This redefinition of Western reason can now be extended beyond the limits envisioned by Foucault, widened into a geophilosophical destruction of transcendentalism and pushed forward into an emancipative topological vitalism. 28 As it turned out, lingering Eurocentrism prevented Foucault from recognizing the local validity and historical contingency of his own critique, the limits of his neo-Kantian dialectic of autonomy and heteronomy, freedom and necessity. It is our task to interrupt the Kantian sleep and place ourselves in our awake actuality, fulfilling the uncertain promise of The Order ofThings, the "emergence of what may perhaps be the space of contemporary thought" (Foucault 1970, 286).
Comentarios
1 Originally published in French with the title Les mots et les choses: Une archéologie des sciences humaines (Foucault 1966).
2 "It was Nietzsche, in any case, who burned for us, even before we were born, the intermingled promises of the dialectic and anthropology" (Foucault 1970, 286).
3 The transcendental dispositif of Western modernity is presented in The Order of Things from a phenomenological and mostly Heideggerian perspective. Foucault's "anthropological quadrilateral" follows literally Heidegger's description of the "Kantian ground-laying" and anthropological turn of Western metaphysics, almost paraphrasing Heidegger's arguments on finitude, the "breaking-open of the foundation" and the transcendental analytic of subjectivity (see Heidegger 1990).
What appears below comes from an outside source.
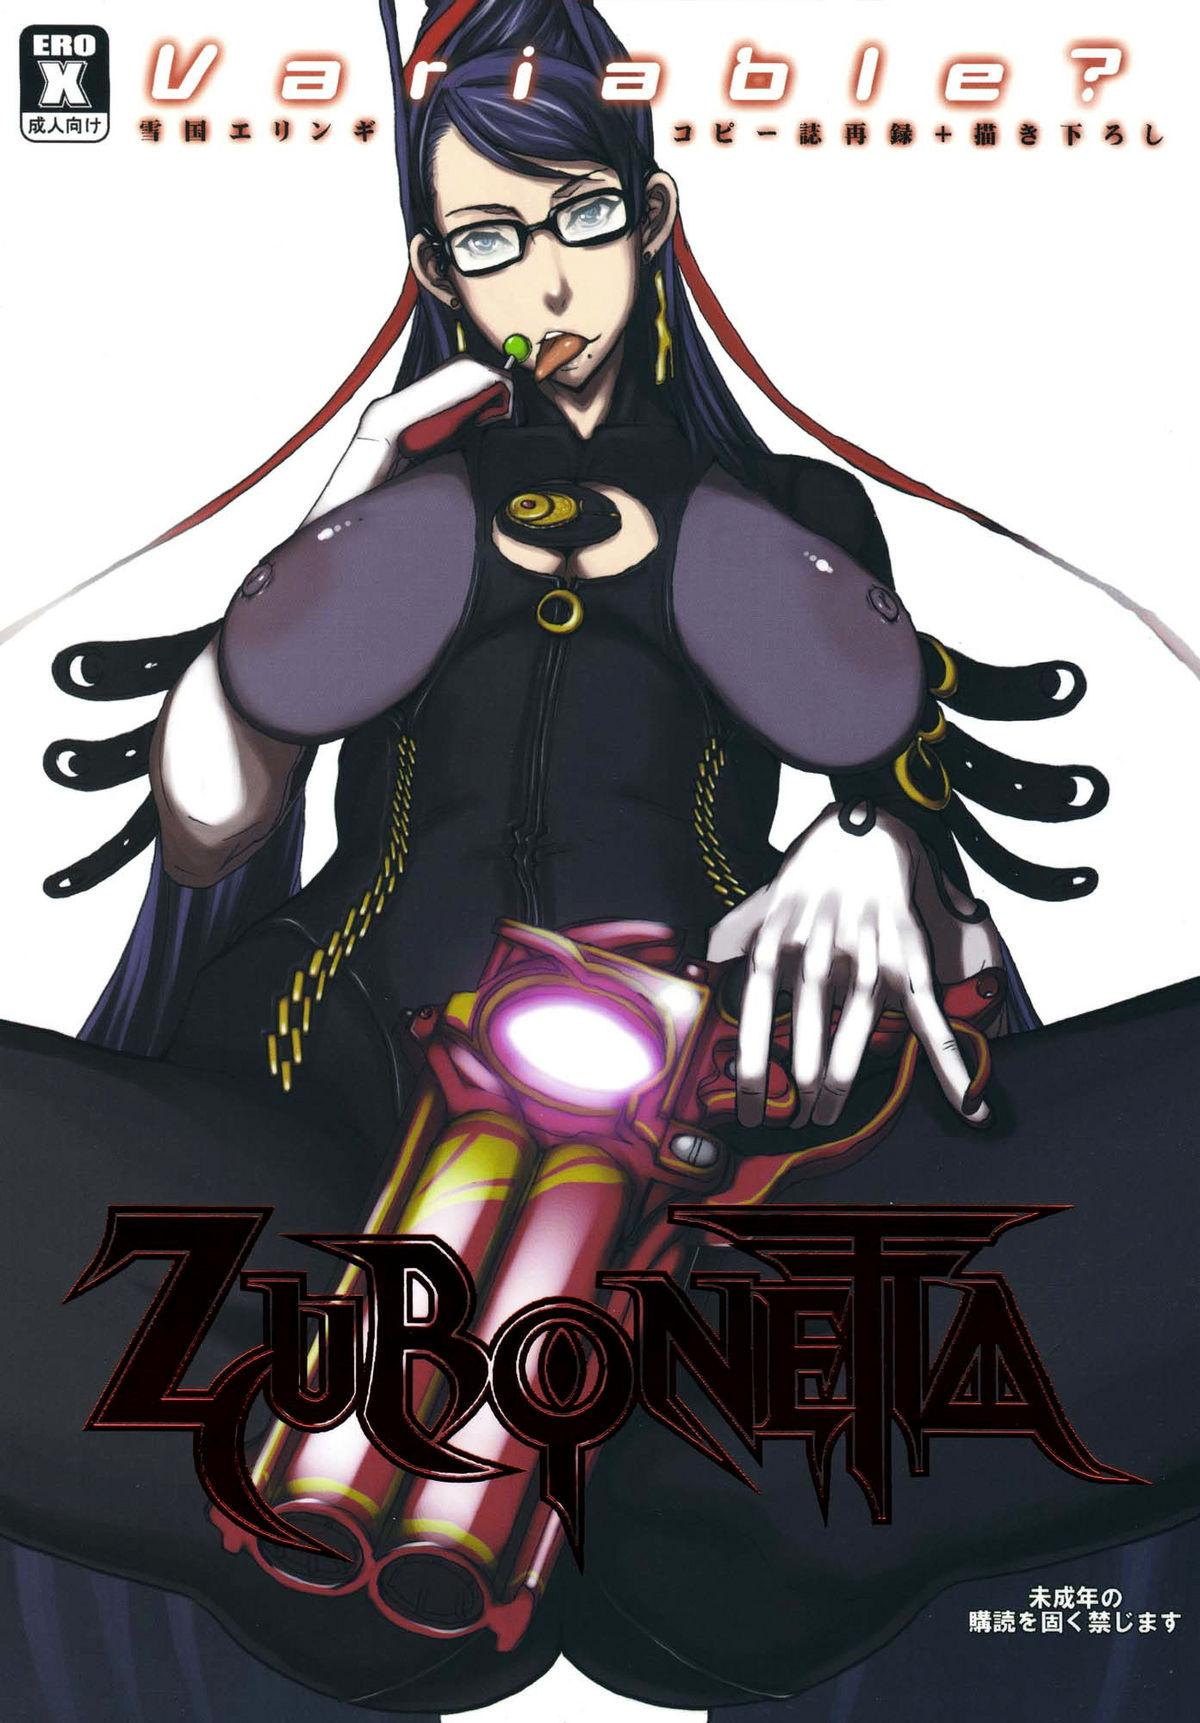 (C77) [VARIABLE? (Yukiguni Eringi)} Zurinetta (Various) 0

Although Foucault's programmatic objective is to disperse the exemplarity of the philosophical field, challenging the autonomy of Kant's three Critiques and locating transcendentalism outside philosophical discourse, I am convinced that in the empirical works of Ricardo, Cuvier and Bopp (Le Blanc 2010), the silent coherence of Foucault's "critical history of thought" depends on his overarching Heideggerian assumptions about the Kantian destiny of Western modernity.
4 "[...] [M]an is governed by labour, life, and language: his concrete existence finds its determinations in them [...] and he, as soon as he thinks, merely unveils himself to his own eyes in the form of a being who is already, in a necessarily subjacent density, in an irreducible anteriority, a living being, an instrument of production, a vehicle for words which exist before him" (Foucault 1970, 313).
5 For a critique of the trascendental dispositif, see Esposito (2010).
6 Among the many studies addressing the intricate relations of Foucault with Kant and Kantianism, see Fimiani (1997), Han (2002) and Le Blanc (2010).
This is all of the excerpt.